If you meant initial fixing' of the algal samples, Lugol's Iodine is the best - for counting and to measure or describe the morphology. 

'm not sure about using both Lugol's as well as Formaldehyde in preservation/fixing. & I second Dr. Naganawa here with his answer. You can try using both. In fact, that's all Research is! 

& you can read some interesting answers from here also

https://www.researchgate.net/post/Do_you_have_any_protocol_for_preserving_algal_samples

Best Wishes

Anila P Ajayan

Lugols is always better for phytoplankton. it is known to retain flagelle which are reqiured for their Identification

Both are not required simultaneously. For phytoplankton the preservative lugol's solution is required and for zooplankton formalin or lugol's solution is required.

In Russia is very popular for phytoplankton sampling and preservation upgraded lugol's solution with formaline. A lot of phytoplanktonologists work with it.

Sorry, i didn't see your request on time. I'm sure you already have more than enough responses. Lugol's solution is best with phytoplankton but formalin at 3.5% to 4% is ideal for both phyto and zoo. The formalin could preserve for as long but not lugol's.
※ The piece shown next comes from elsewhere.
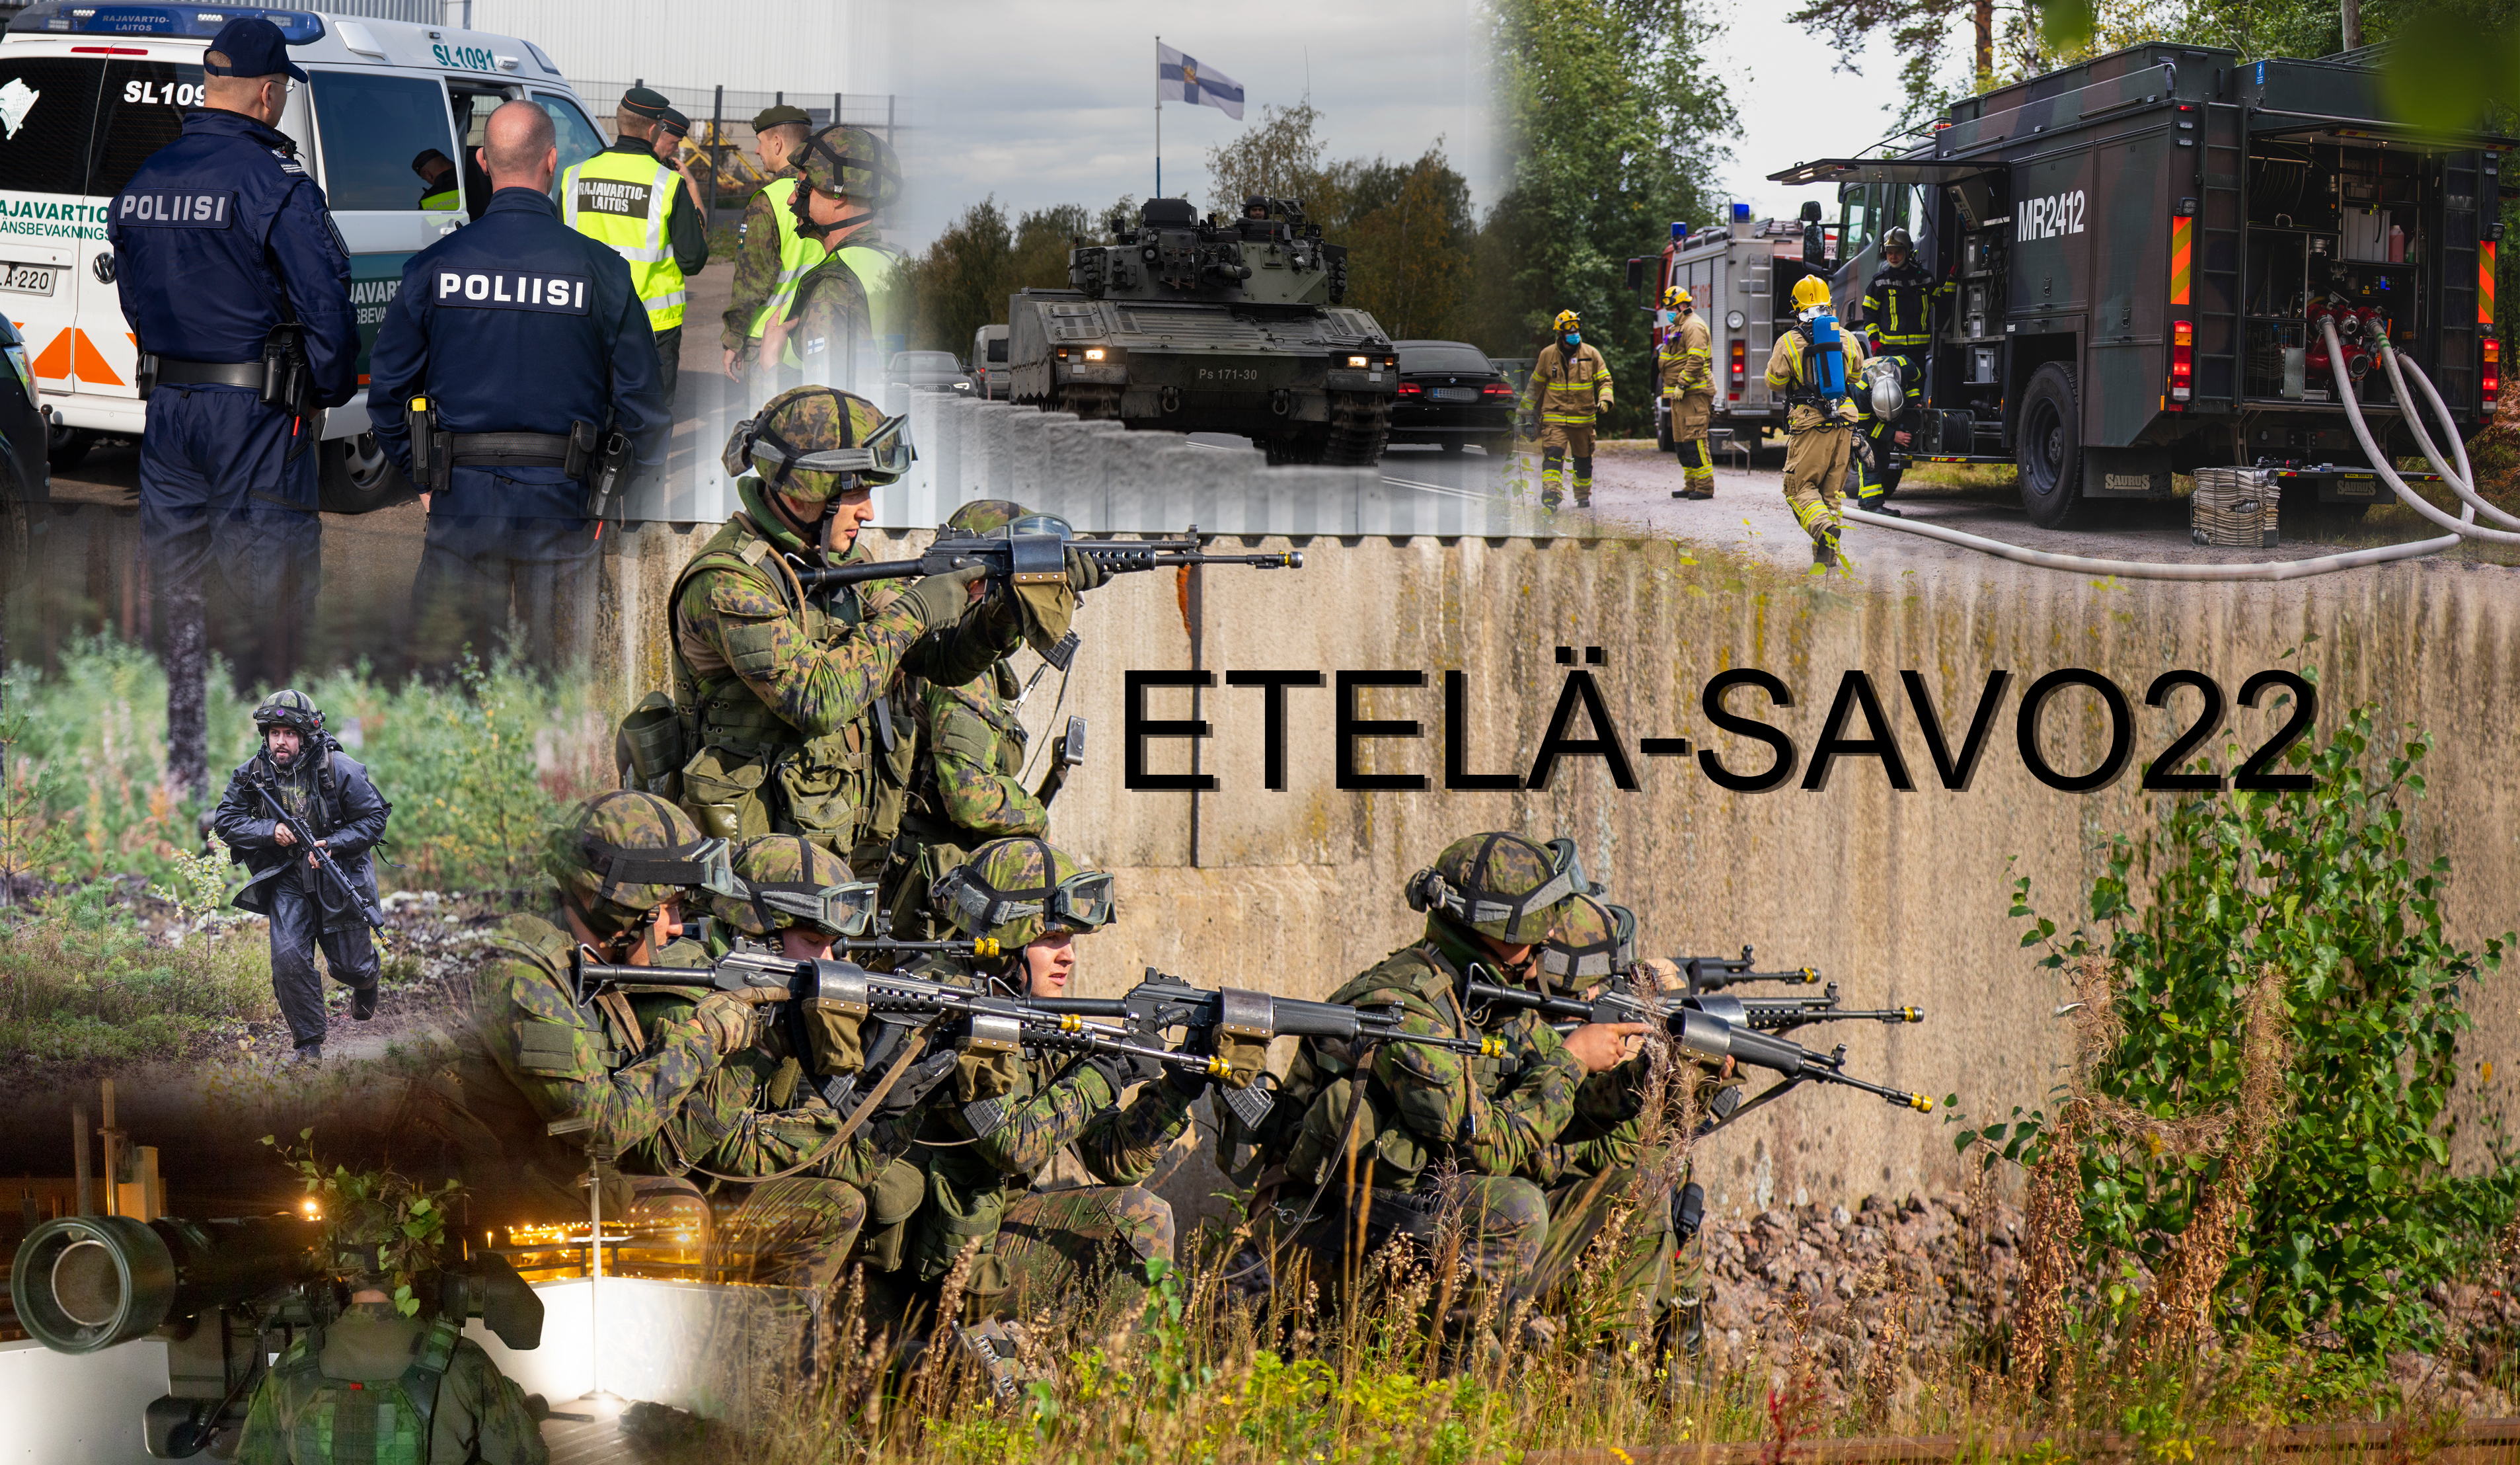 Etelä-Savo 22 -paikallispuolustusharjoitus tuo harjoitusjoukot Savonlinnaan

Lugol's fades off with time and alters the colour of the organism. You may wish to try the combination as earlier suggested but the main preservative is most likely to be formalin. If you are actually looking for the very best try universal fixing and preserving solution like FPA.: commercial Formalin 5 parts, propionic acid 5 parts, 50% ethyl alcohol 90 parts. Glacial acetic acid may be used in place of propionic acid. Note that the use of 2.5% formalin is a good preservative with little or no shrinkage. All the best in your esearch.

It is no problem to use them at the same time. As already remarked, formaldehyde then functions as a postfixing agent. Aldehydes do oxidise lugols though, so you cannot store a mixture of the two, you will have to prepare a mix immediately beforehand, or add the formalin afterwards. The Lugol sample will become colourless in a few days after addition of aldehydes. From my perspective I do not see a gain in postfixing phytoplankton.
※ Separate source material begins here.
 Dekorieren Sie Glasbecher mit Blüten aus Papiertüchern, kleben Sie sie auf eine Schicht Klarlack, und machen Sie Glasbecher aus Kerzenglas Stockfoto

Some remarks: it does work well for stabilising internal organelles of already well preserved species. Fragile phytoplankton species generally are better preserved in acidified Lugols than in formalin, or mixtures thereof. For those organisms, use low conc of glutaraldehyde (0.25%), and do add a proper pH buffer in case of freshwater samples.

HTH, René

Lugols iodine is the best option for   phytoplankton preservation

I typically use Lugol's for microzooplankton samples and formalin for zooplankton; however, in one instance I used Lugol's to stain a zooplankton sample that was preserved with formalin so that I could look at some larger phytoplankton that had been captured in the 153 um zooplankton sample. A precipitate formed after adding the Lugol's, which made it a bit challenging to see everything properly.

I've heard who use both at the same time. But I don't know how meaningful. They are ideally used separately according to the desired protection level.

All best

In my experience when I've used Lugol's with formaldehyde, an annoying precipitate has formed, but perhaps you can rinse the formaldehyde off once the sample is preserved and then add Lugol's...I'm not sure I ever tried that, but maybe it will prevent or reduce the precipitation. Good luck!

It is better used separately. The only difference is that 4% formalin will preserve longer without fading away whereas plankton preserved using Lugol's solution with time may start fading away or become fainter in color.

How many months could be preserve (phytoplankton/zooplankton) using formaldehyde?